Вокруг — ничего, кроме ветра, тьмы и собачьего холода. «Что со мной и где я? Почему это дождь моросит? Боже…»[1020]
В своем комментарии к этому фрагменту Э. Власов приводит некоторые исторические сведения о понтийском царе Митридате VI Эвпаторе (132–63 гг. до н. э.). В частности, мотив «ножика» и «резанья» он возводит к эпизоду 89 г. до н. э., когда царь Митридат Эвпатор, захватив Малую Азию и часть Балкан, приказал учинить массовую резню, жертвами которой стали римляне. По некоторым сведениям, было убито около 80 000 человек[1021].
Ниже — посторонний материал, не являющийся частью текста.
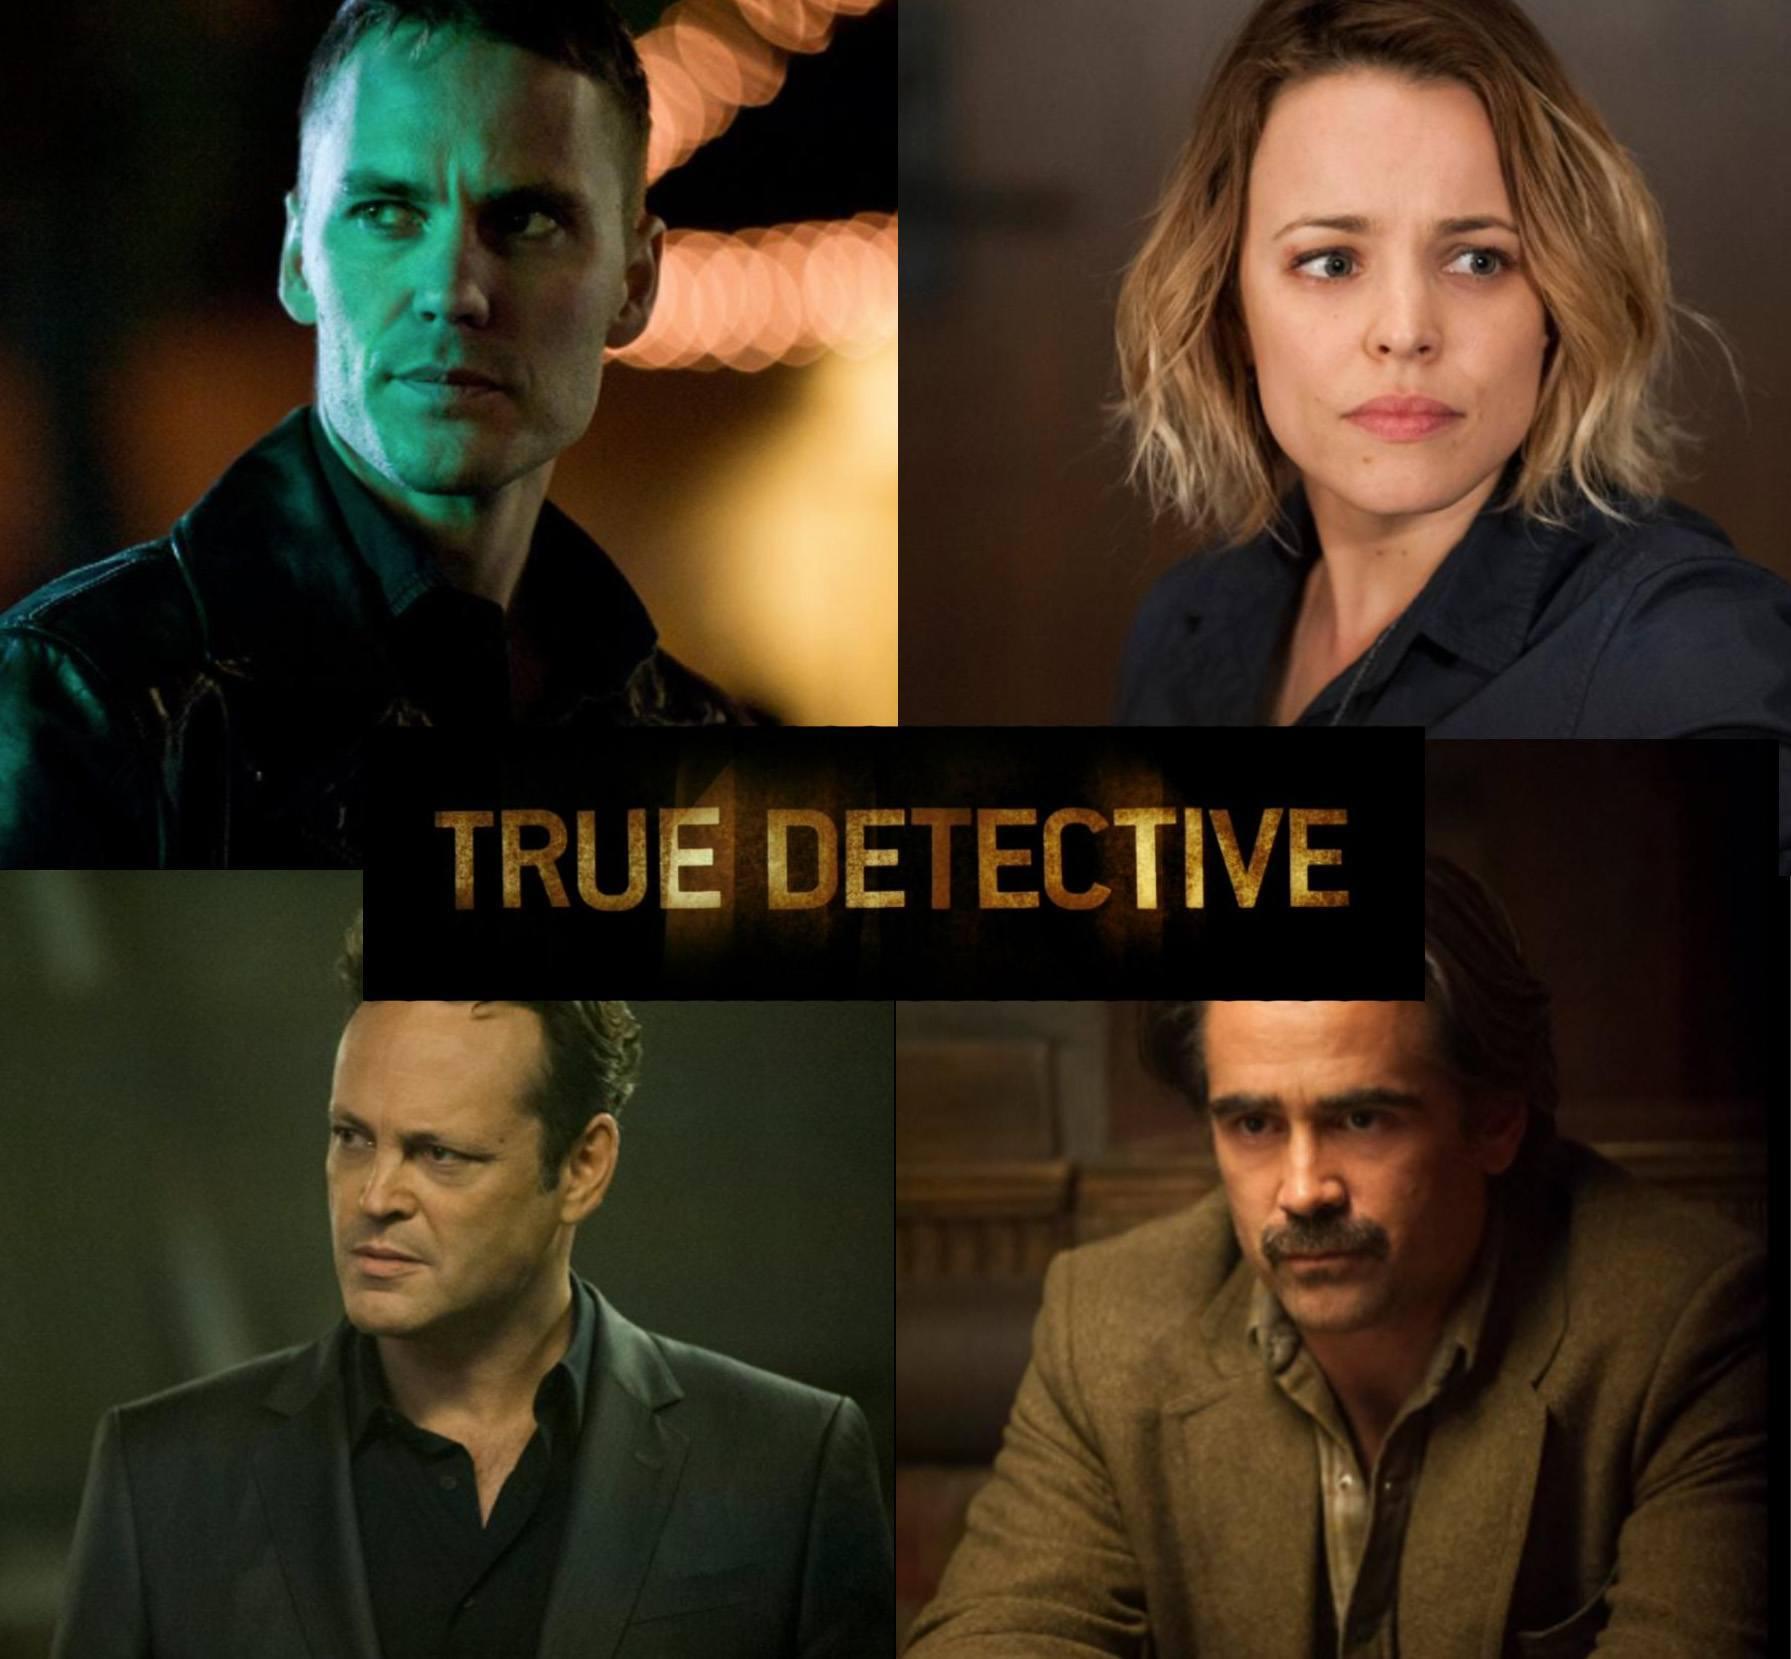 True detective homix season i

Другой эпизод, связывающий Митридата с «ножом» и «резаньем», таков: будучи жестоким тираном, Митридат претендовал, среди прочего, на звание искусного лекаря и собственноручно резал и калечил своих приближенных[1022]. Наконец, мотивы меча (ножа) и резанья связаны и с обстоятельствами смерти Митридата: разбитый римлянами и всеми покинутый, понтийский царь Митридат, не желая сдаваться врагу, покончил жизнь самоубийством, бросившись на меч (по другим сведениям, царь Митридат приказал одному из наемников заколоть его мечом)[1023].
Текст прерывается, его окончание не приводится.